The morphologies of PPy-NPs were characterized by field emission scanning electron microscope (JSM-7800F) at an operating voltage of 10 kV. The UV-vis-NIR absorption spectra of ionogels were recorded using a PE UV-1750 spectrophotometer. UV-vis-NIR absorption of ionogel-Ag junction was measured with a PE Lambda 950 spectrophotometer. The tensile properties were tested by a tensile-compressive tester (MDW-500 N) with a strain rate of 60 mm min−1. All photoelectrical measurements were carried out through a Keithley 4200 semiconductor parameter analyzer. The light pulses with tunable wavelengths, intensities, and frequencies came from a LED driver (THORLABS, DC2200 Terminal). A series of LED sources covering wavelengths from UV, visible, and NIR (THORLABS, M365L3, M455L4, M530L4, M590L4, M680L4) were utilized.

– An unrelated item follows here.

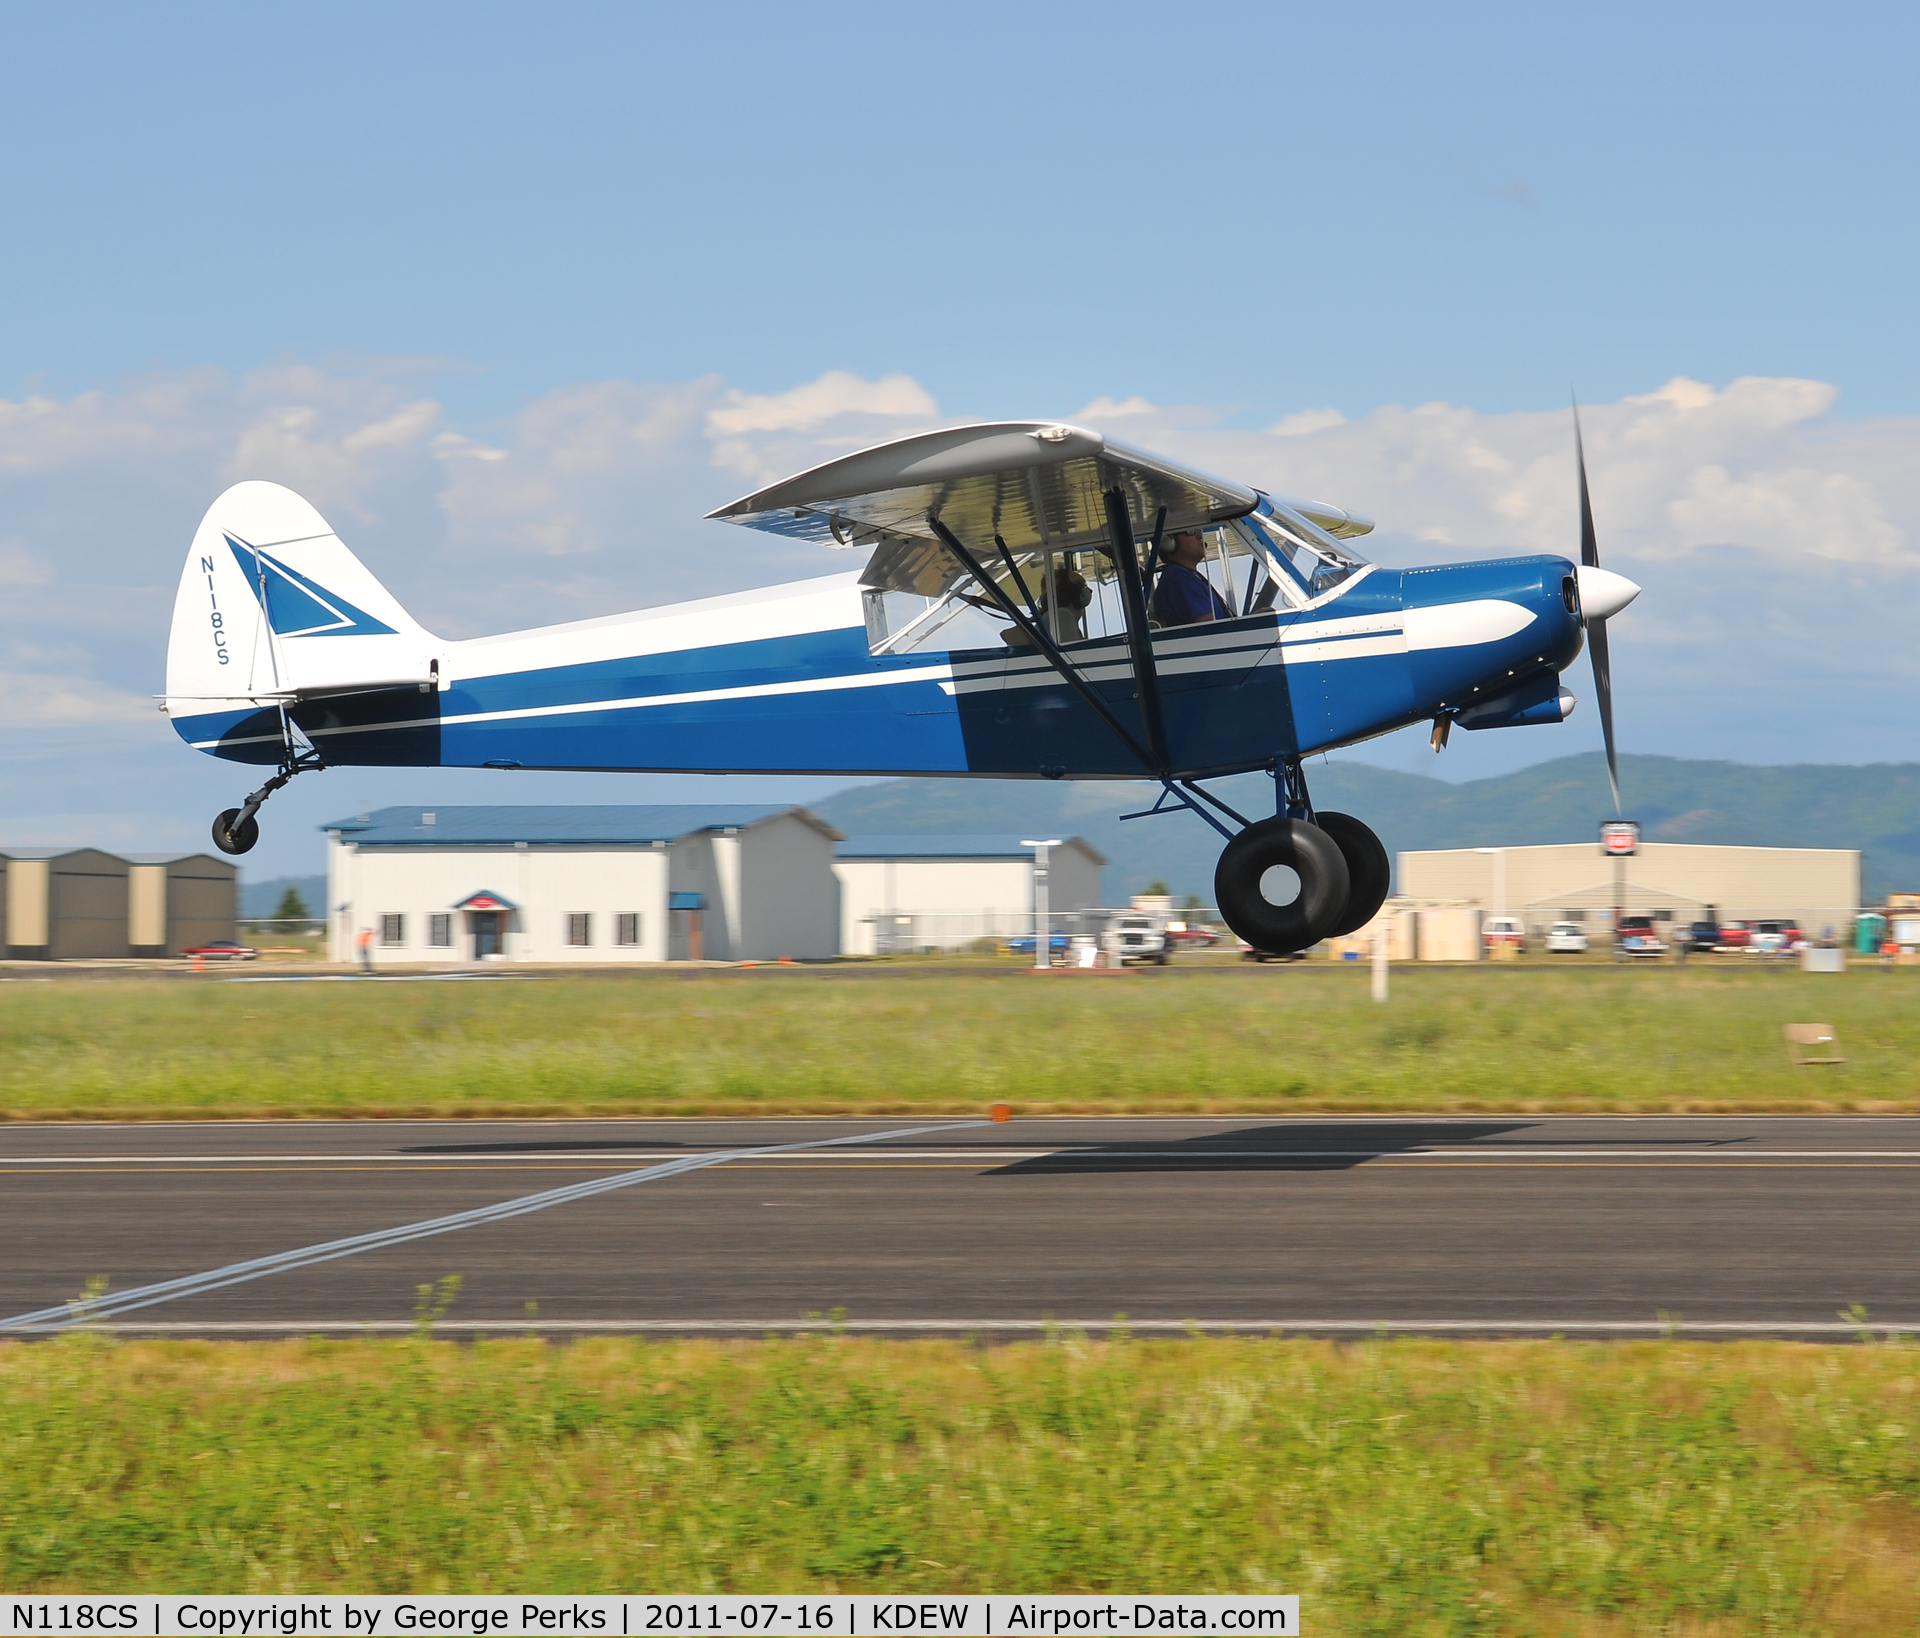 N118CS, Piper PA-18 Super Cub Replica C/N 001, N118CS landing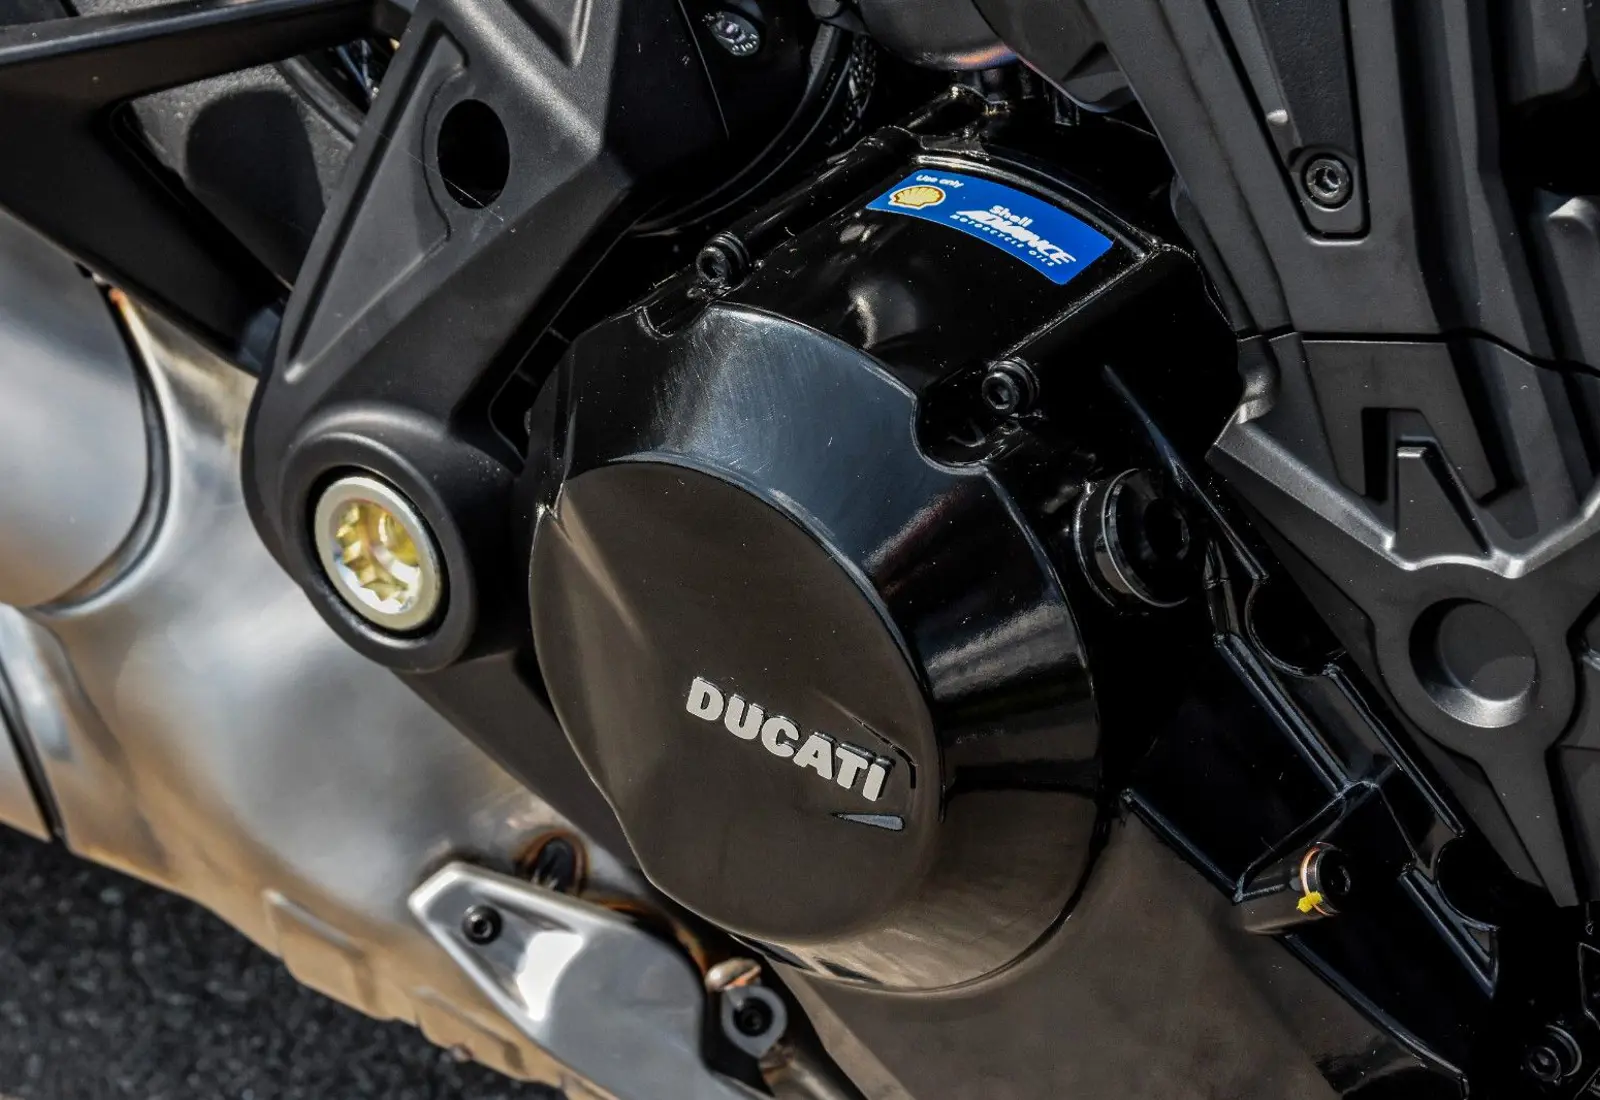 Ducati X-Diavel Nera * POLTRONA FRAU * 1 OF 500 * LIMITED ED - 41970

All thermal images were taken by using an infrared camera (FLIR Ti100). The optical power density is measured by an optical power meter (CEL-NP2000). A The light source system was housed in the Keithley 4200 semiconductor shielding box to prevent interference from external light signals. All electrical and optical measurements were conducted under atmospheric pressure and at room temperature.

Visualization system

The experimental visualization setup includes a transimpedance amplifier (TIA), a Beijing Altech USB5631-D data acquisition card, a multi-circuit power supply, a laptop computer, and a Labview program. Supplementary Fig. 14 provides a schematic of the system. The power supply in this setup is utilized exclusively for operating the TIA and data acquisition card, while an external power source projects optical pattern onto the array by illuminating a mask with light. A 5 × 5 array of device is integrated with a custom printed circuit board (PCB). The data from the 25 pixels is transmitted through the PCB to the TIA for current amplification. The amplified signal is then captured by the data acquisition card and relayed to the computer for visualization. The operation of the data acquisition card and the visualization of the data are managed using Labview software.